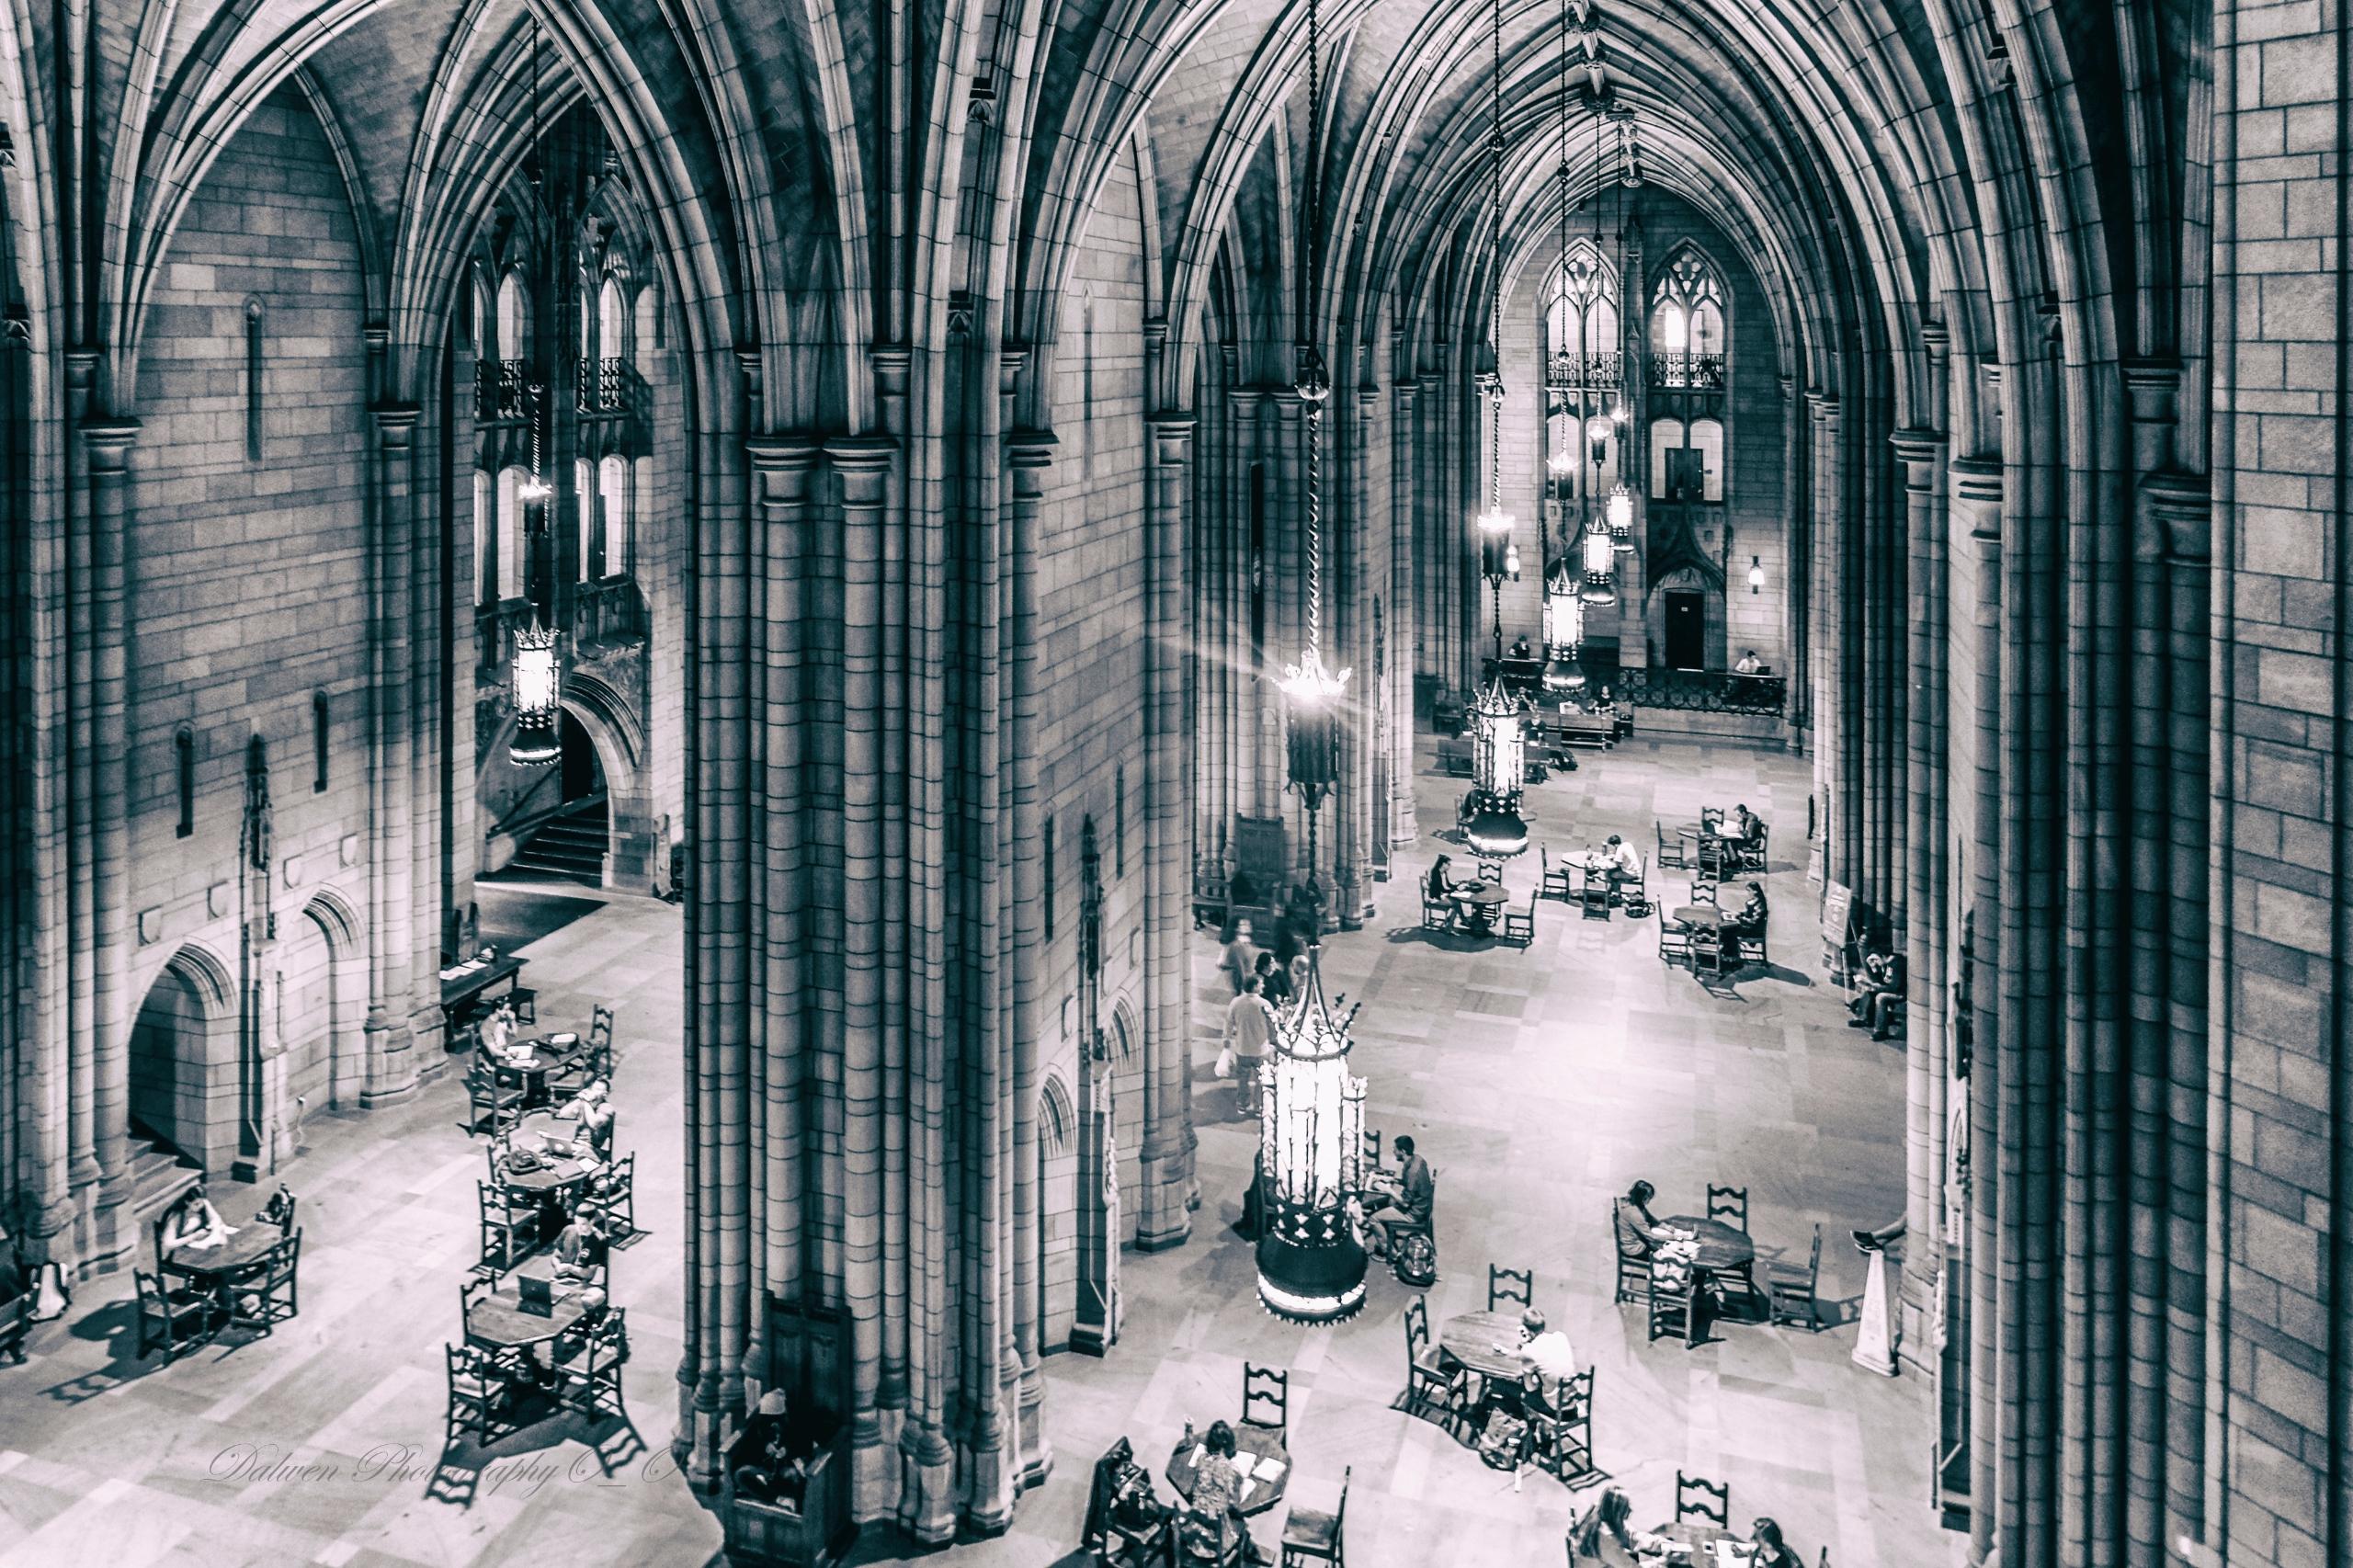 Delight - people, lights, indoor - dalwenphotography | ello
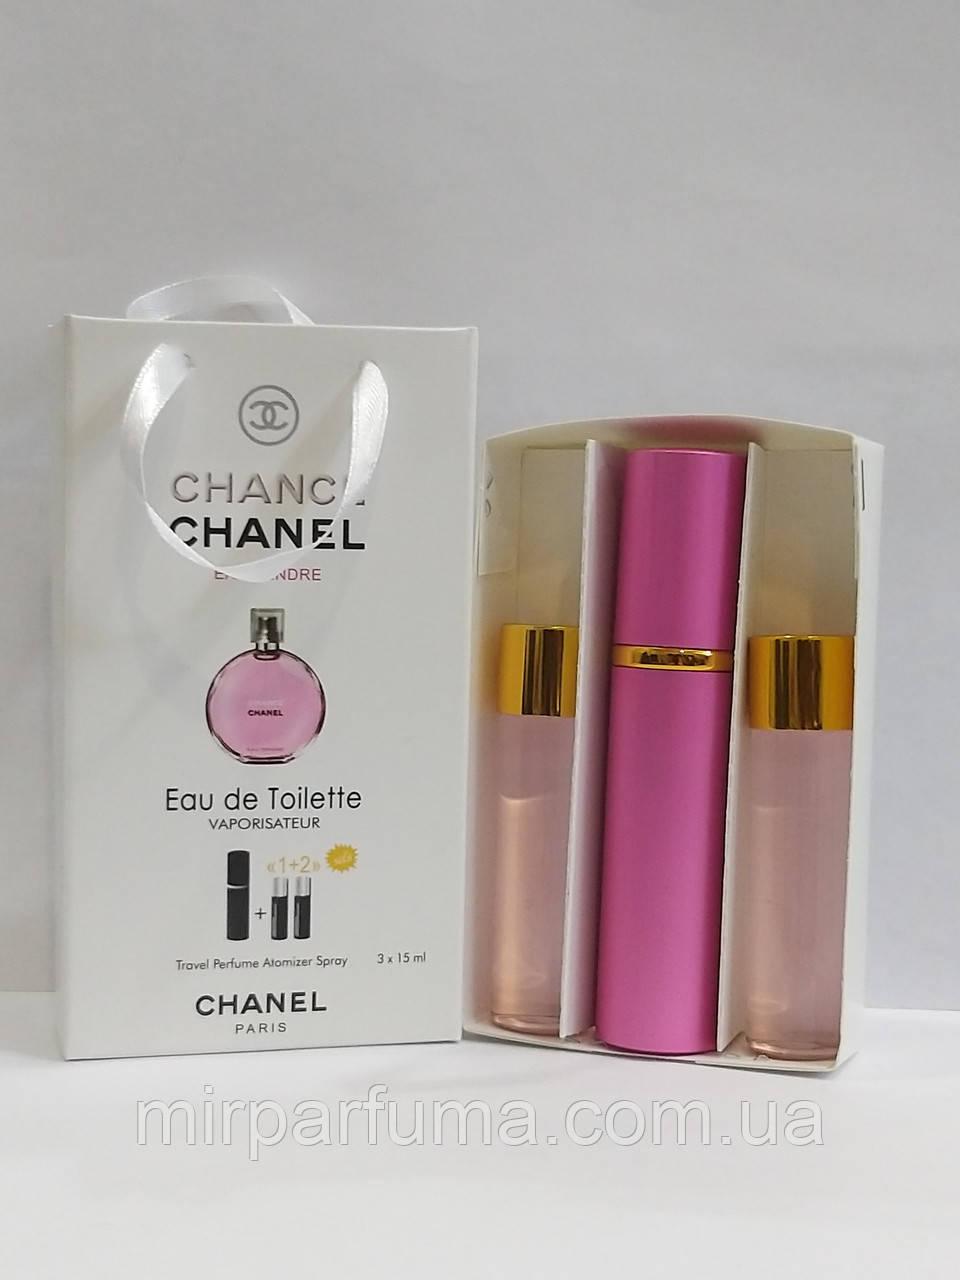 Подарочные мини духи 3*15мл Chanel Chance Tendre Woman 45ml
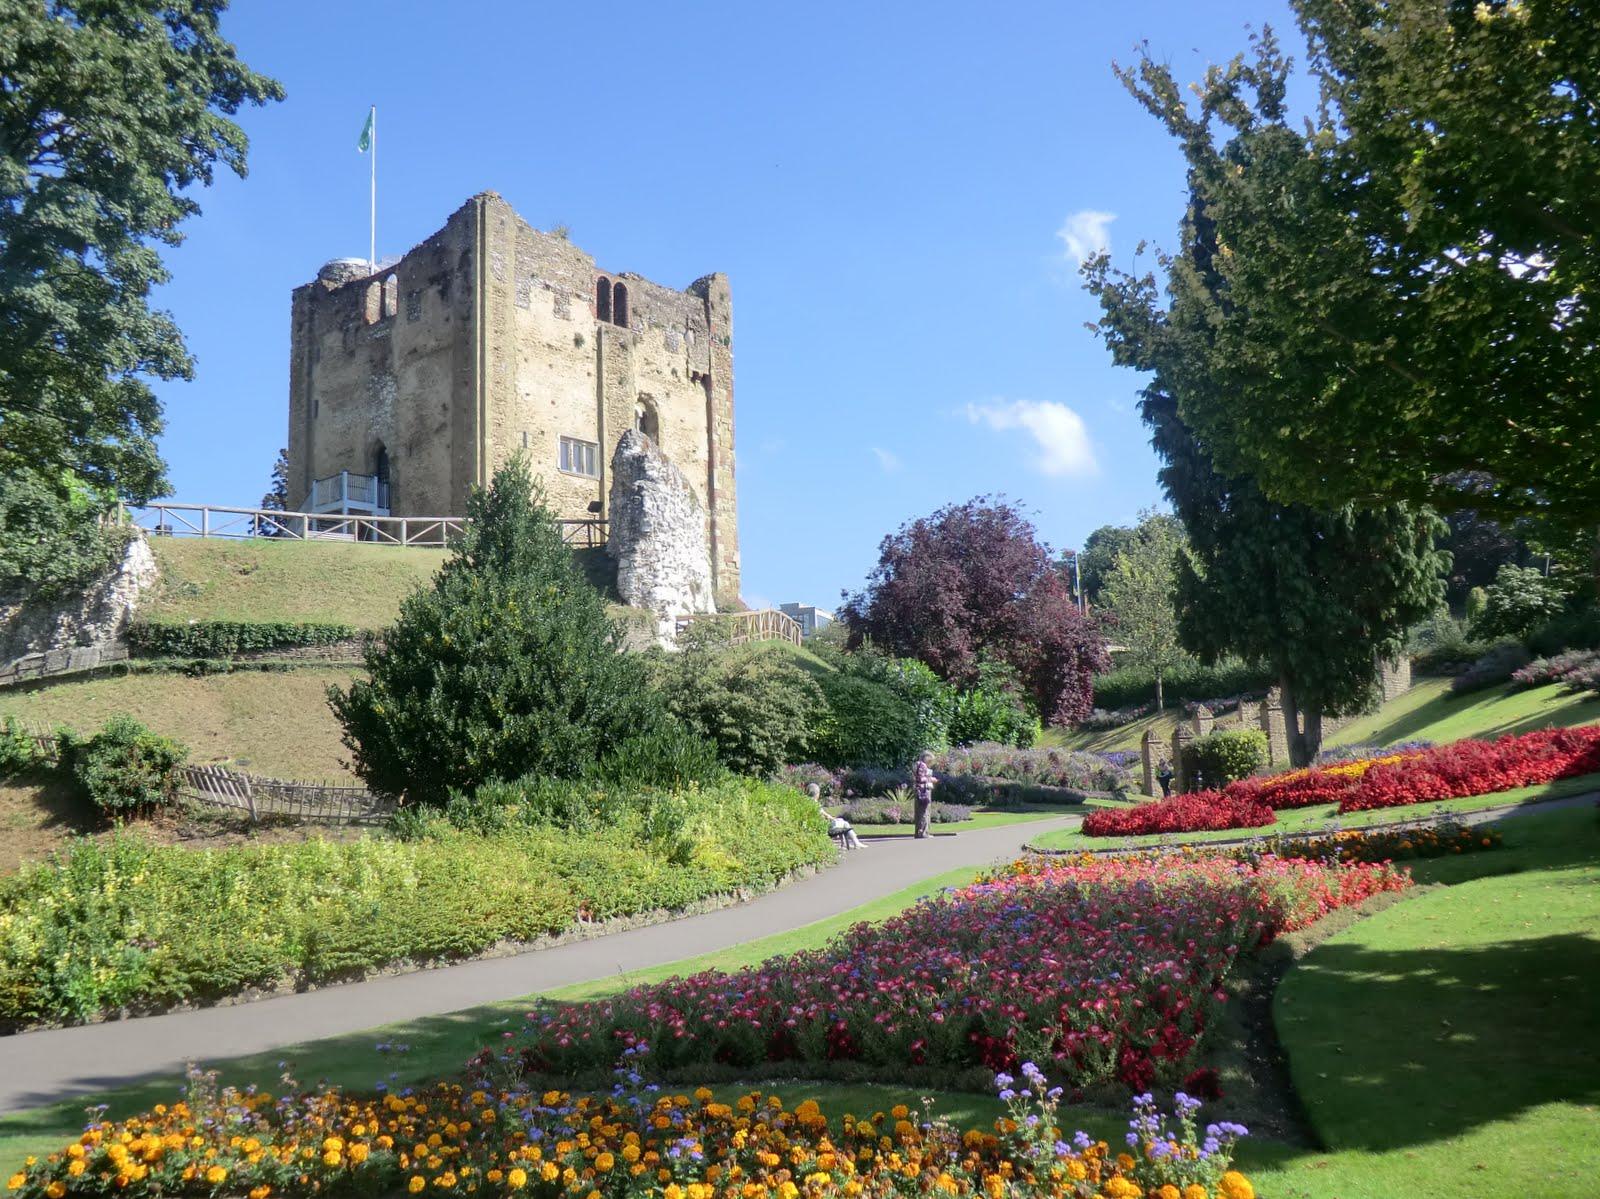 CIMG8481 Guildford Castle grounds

--------------------------------------------------

• **REQUIRED ACTION**
The expected answer is the line with "Подарочные мини духи" followed by every remaining line of the listing, each restated exactly, with all pictures dropped.

• **RESPONSE**
 Подарочные мини духи 3*15мл Chanel Chance Tendre Woman 45ml
 CIMG8481 Guildford Castle grounds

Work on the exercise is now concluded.